Law Opinion
ICTA 1973 and its
international standards
Professor M Rafiqul Islam
(…from previous issue)
Protection of victims and witnesses: Encouraging witnesses to testify in war crimes trials is difficult, as they do not want to risk themselves being endangered. Witnesses at risk may well be the surviving victims of horrendous crimes. They are likely to reveal compelling crime base testimony if they feel valued and secured in the trial process. There must be adequate and readily available protection for witnesses and victims in appropriate cases through camera proceedings, suppressing the identity of a victim or witness to the public, and affording post-testimony sustained security. The Statutes of the ICTY (Art 22), the ICTR (Art 21), and the Agreement on the Cambodian genocide trial (Art 23 expressly oblige the tribunal/court to provide such protection in an inclusive manner. Rules of Procedure and Evidence of ICTY and ICTR have articulated specific protective measures for victims and witnesses (Rules 69 and 75). In Tadic case, the ICTY Trial Chamber II allowed the testimony of three anonymous witnesses, held that “the Prosecution may withhold from the defence and the accused, the names of, and other identifying data concerning witnesses H, K and K”, and reasoned that “[a] fair trial means not only fair treatment to the defendant but also to the prosecution and to the witnesses” (Case No. IT-94-1-T of 10 August 1995, paragraphs 39 & 55). The ICTY and ICTR provide for the restitution of property (Rule 105) and compensation to victims (Rule 106). Victims of rape are unlikely to testify in public for fear of social humiliation and stigma haunting them for the rest of their lives. This is why Rules of Procedure and Evidence of both ICTY and ICTR have adopted a special regime for evidence in sexual assault cases, where no corroboration of the victim's testimony is required, consent is no defence, and prior sexual conduct of the victim is no admissible evidence (Rule 96). Their “Victims and Witnesses Unit” set up pursuant to Rule 34 recommends appropriate protective measures and offers counselling and support for victims and witnesses in rape and sexual assault cases. Neither the 1973 Act, nor the Rules provides an adequate protection regime for victims and witnesses, which must be formulated urgently.

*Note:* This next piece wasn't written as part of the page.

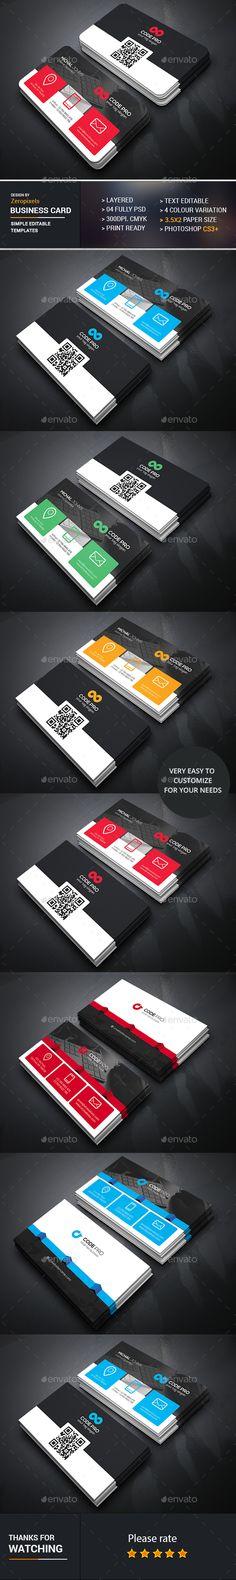 Business Card Bundle Templates PSD. Download here: http://graphicriver.net/item/business-card-bundle/16888762?ref=ksioks
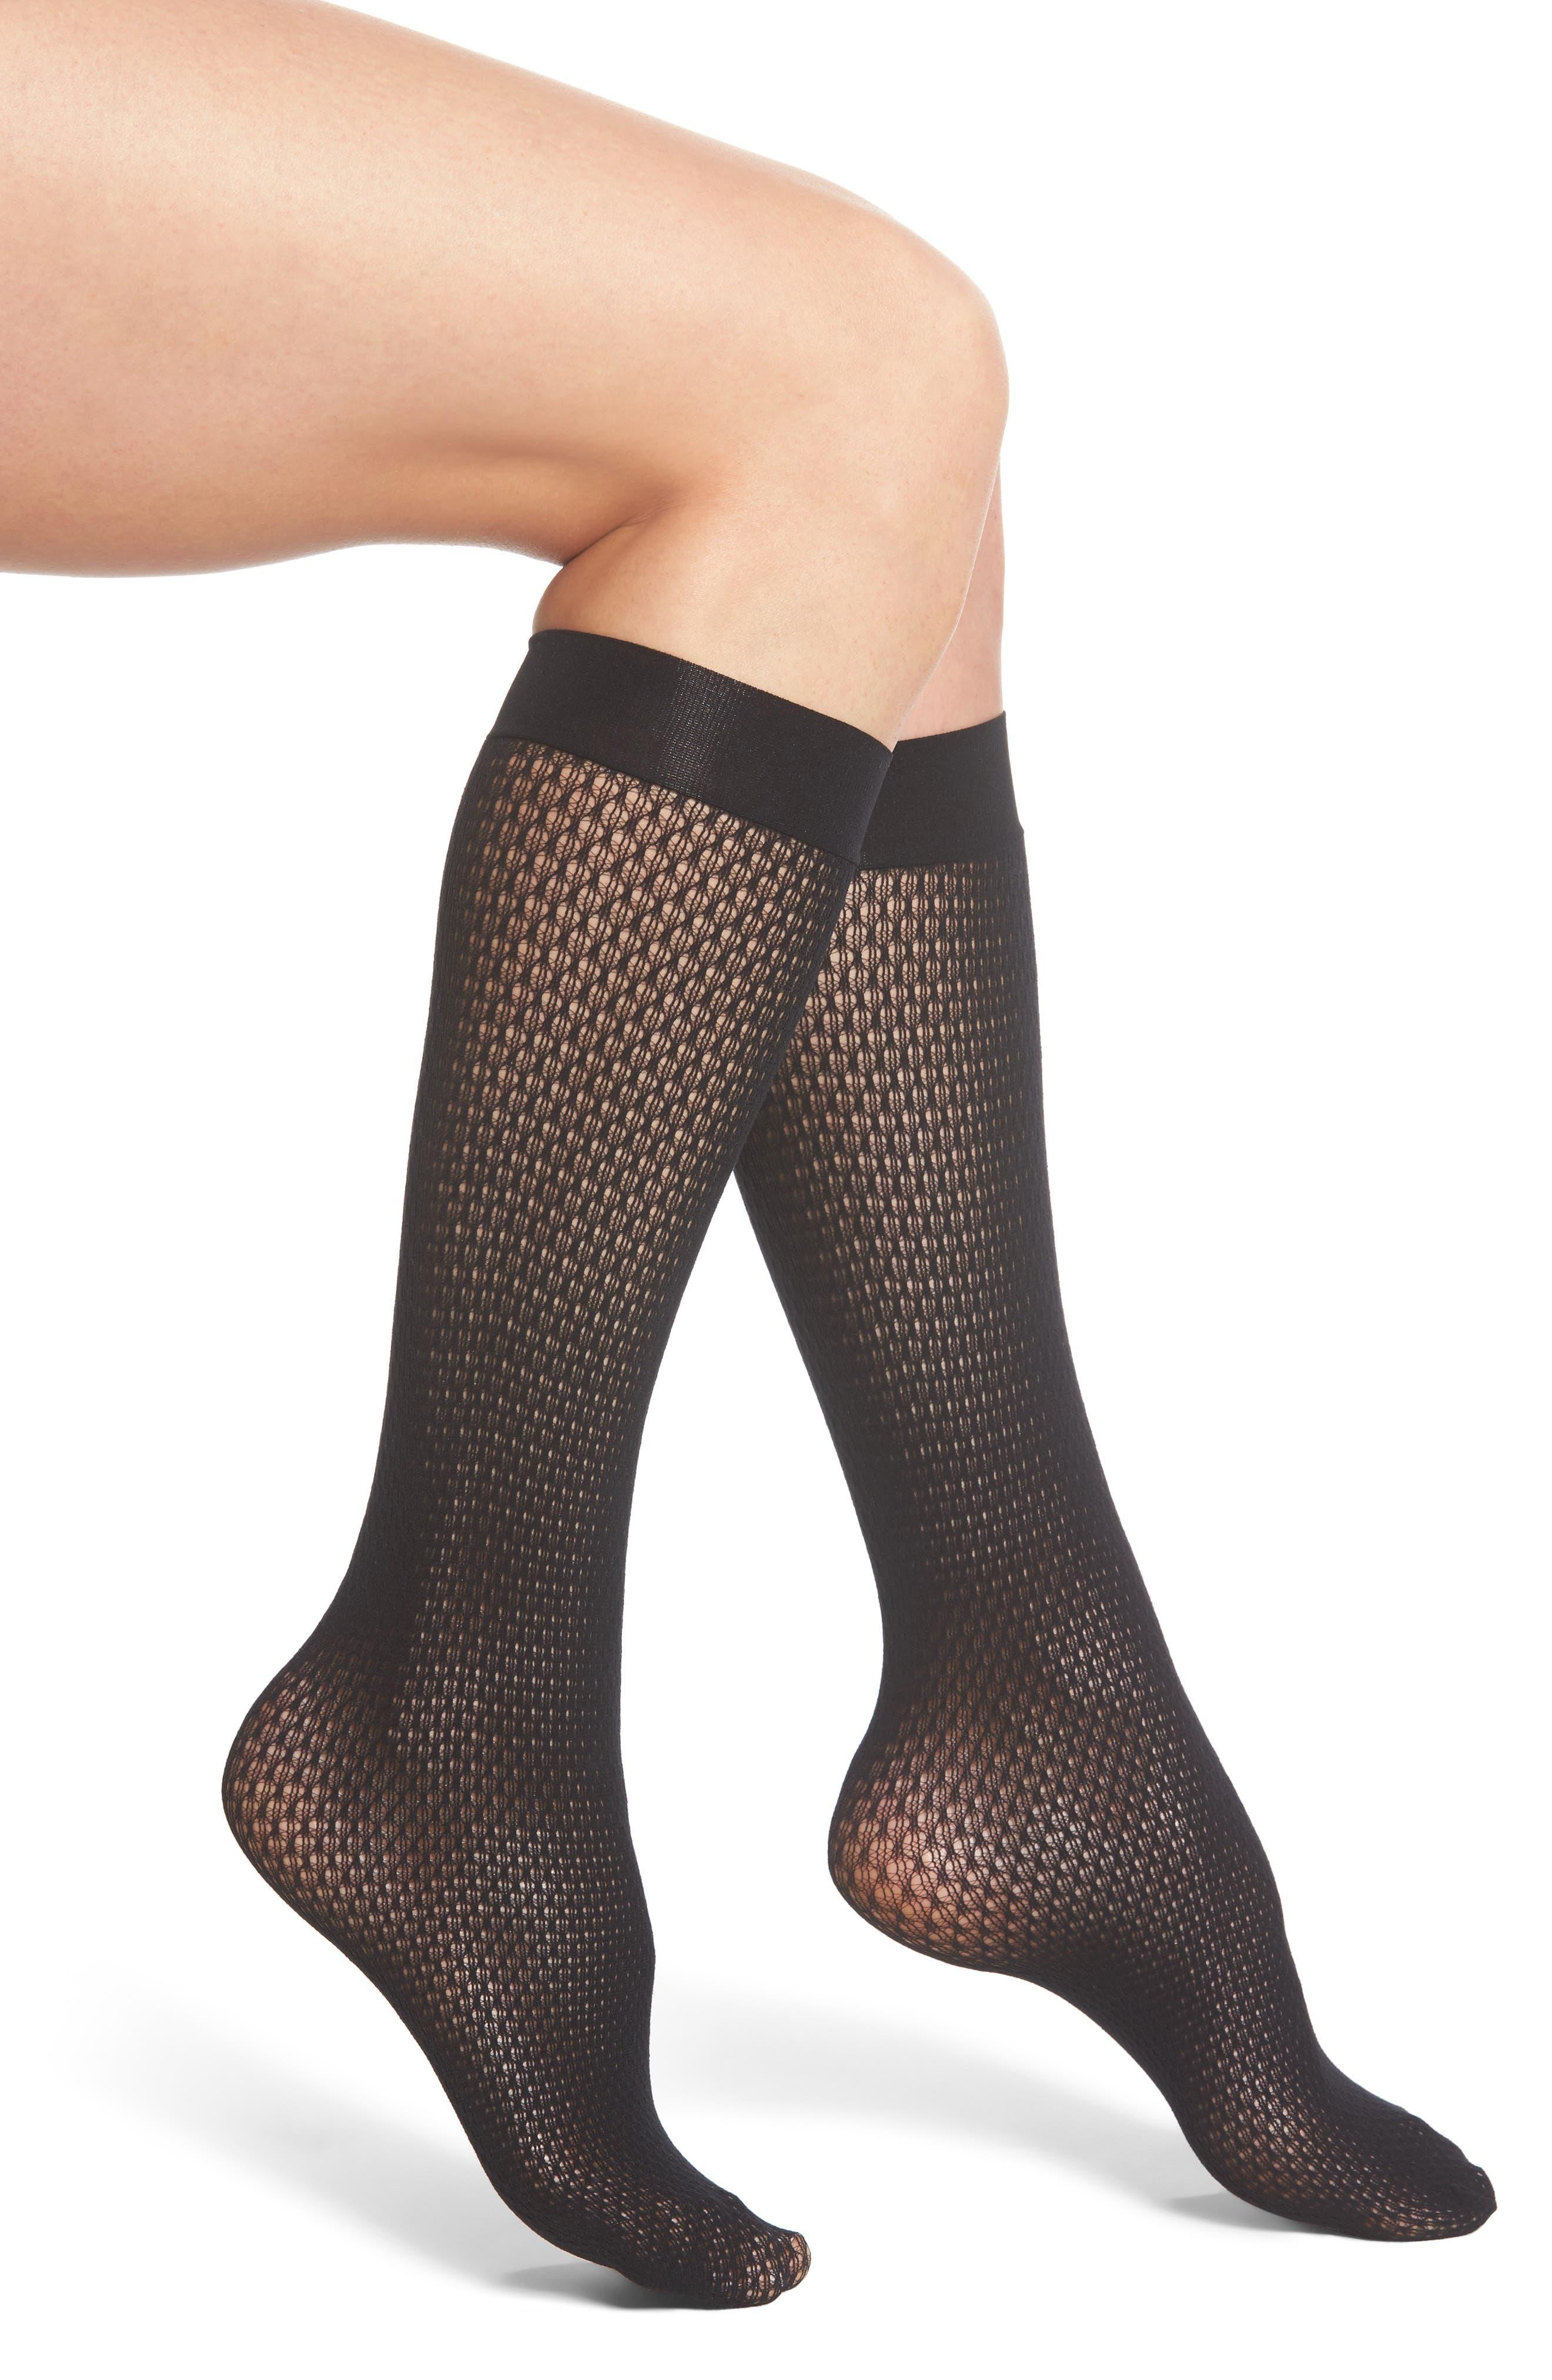 Alternate Image 1 Selected - Wolford Rhomb Net Knee High Stockings

Judgment, immunity and indemnity: The judgment of the Tribunal must pronounce the guilt or innocence of the accused with reasons. If convicted, the Tribunal may award death sentence or any other punishment that it thinks just and proper to the gravity of the crimes.
No provision of the Criminal Procedure Code 1898 and the Evidence Act 1872 shall apply in any proceedings under the 1973 Act. The order, judgement, or sentence of the Tribunal cannot be challenged in any manner whatsoever in or before any court or other authority except by the way of appeal embodied in the1973 Act. No legal proceeding, suit, or prosecution can be brought against the government or any person for anything done in good faith under the 1973 Act, which overrides all other laws in force and prevails over the latter in cases of any inconsistency or repugnancy (Act ss20, 23-26).
The procedure for the pronouncement of judgments under the 1973 Act is consistent with that of the Statutes of ICTY (Art 23) and ICTR (Art 22). Rules of Procedure and Evidence of both ICTY and ICTR (part 2, Arts 8-13) deal with the “primacy of the tribunal”. Article 30 of the ICTY Statute provides immunities to the tribunal and its judges, prosecutors, and Registrar. Article 19 of the Cambodian Agreement may be cited to the same effect. As such, the immunity and indemnity provisions of the 1973 Act do not appear to be unusual in war crimes trials. The provision for capital punishment in the 1973 Act (s20:2) is not necessarily illegal, though it may entail human right implications and obligations.
Conclusion: The 1973 Act and Rules are not perfect but their alleged inadequacies falling short of international standards are not borne out by this comparison. It reveals that the 1973 Act and Rules are by and large consistent with international practice and as fair and reasonable as one can expect in an international crimes trial. Like all other war crimes trials, the Rules under the 1973 Act (s22) are progressively evolving. The criticisms thus appear to be premature and greatly exaggerated. The potential, if not imaginary, violations of rights of the accused cannot override the right of the victims to justice. The Tribunal must stay in the course of rendering this historic justice. (Ended)
The writer is professor of Law, Macquarie University, Sydney, Australia.